Муха прочитал еще раз и глянул на Семена Максимовича поверх очков.
Семен Максимович оглянулся на дверь в чистую комнату:
- Чудное что-то: дать решительный отпор. Выходит, в случае чего дать
отпор. А если не будет случая?
Муха приступил к сложному делу запрятывания своих бумажек, очков,
футляра.
- Это так пишется, понимаешь. Там, в губернии, тоже положение на
иголках. Написать прямо нельзя, все равно узнают как-нибудь, вот и пишется
"отпор контрреволюции", а каждый должен понимать: не жди, пока тебя совсем
за глотку схватят. Все едино, они налазят, и довольно нахально. И дело
понятное, какой отпор: взять да и... коленкой, это и будет самый лучший
отпор. А насчет преждевременных выступлений - это для таких, как твой
разведчик. Колдунов этот самый. Да давай же его сюда!
Василиса Петровна поставила на сто тарелку борща и черный хлеб.
- Вот спасибо, хозяюшка, а то домой далеко еще брести, да и борщ у нас
не такой. Говорят, никто на Костроме такого борща не варит, как ты.
- Спасибо на добром слове, только это не я варила, а Михаил Антонович.
- Михаил Антонович? Это... капитан самый? Что за капитан такой? Да ведь
ты научила его?
- Научила.
- Выходит - подмастерье твой. Здравствуйте, товарищи. А мне борща дали,
видите?
Капитан озабоченно глянул на Павла, потом на хозяйку. Хозяйка важно
кивнула головой на печь, а капитан немедленно загремел заслонкой. Муха
задержал кусок хлеба перед усами и засмеялся:
- Ну и коммуна у тебя, Семен Максимович! Настоящая коммуна!
Павел покраснел, схватил капитана за локоть.
- Честное слово! Честное слово, зачем же! Моя ведь хата рядом. Да что
это вы, Василиса Петровна!
От большого черного горшка, который он держал на тряпке обеими руками,
капитан оглянулся на Павла:
- Не будешь есть? Вот этого борща не будешь есть? А ты хоть раз в жизни
ел такой борщ?
Павел перепуганно блеснул глазами, что-то прошептал застенчиво и с
размаху под тяжелой рукой Степана уселся на стул.
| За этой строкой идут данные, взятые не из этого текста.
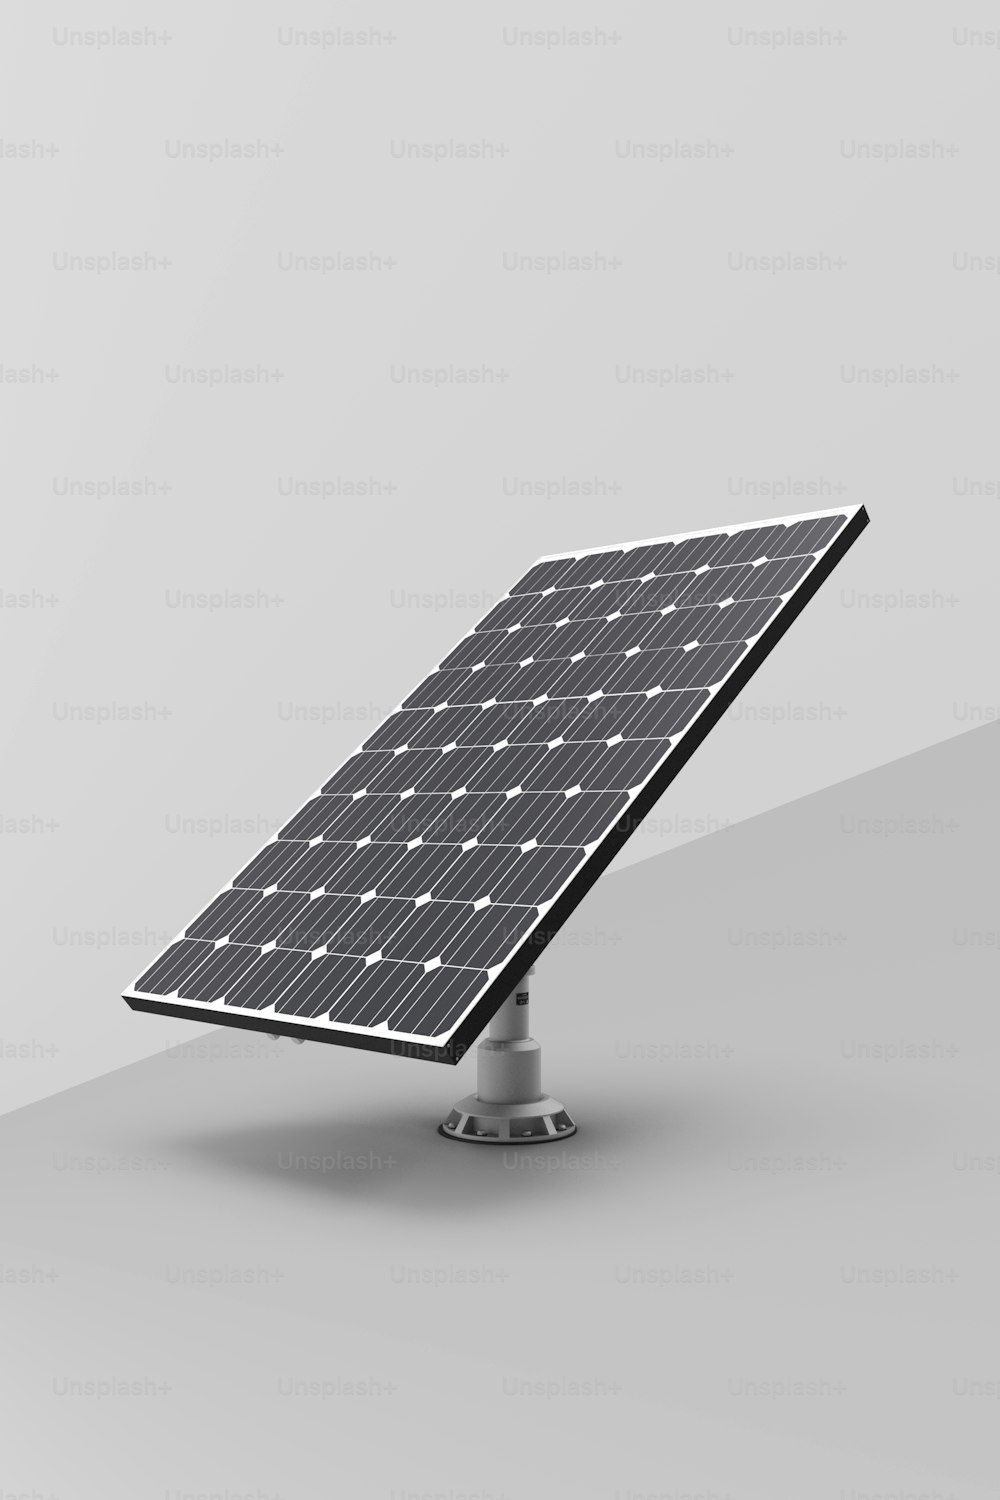 Une photo en noir et blanc d’un panneau solaire

Семен Максимович потянул
бороду книзу и с деловым видом поднялся. У шкафчика с закрашенными
стеклами он посмотрел на свет две рюмки и поставил их на стол, молча
протянул Алексею графин с желтоватой жидкостью.
- Семен, по какому случаю такой пир?
- А вот по случаю твоих новостей. Выпейте, случай подходящий. Ничего,
ничего, Павел, выпей, потом будешь вспоминать.
Муха с удивленным видом засмотрелся на борщ:
- Да с чем вы его варите, Василиса Петровна? Какой тут секрет?
Василиса Петровна по-домашнему улыбнулась капитану. Капитан серьезно,
вежливо наклонился к Мухе и внимательно посмотрел на поверхность борща в
его тарелке:
- Дорогой товарищ! Это борщ я изучил здесь... в этом доме и, когда
изучил, тогда понял, что такое жизнь. Это я говорю серьезно.
Семен Максимович медленно обратил лицо к капитану, все остальные
притихли: никто не ожидал от капитана таких прочувствованных слов,
хотя они и были сказаны очень тихо и, пожалуй, даже без всякой экспрессии.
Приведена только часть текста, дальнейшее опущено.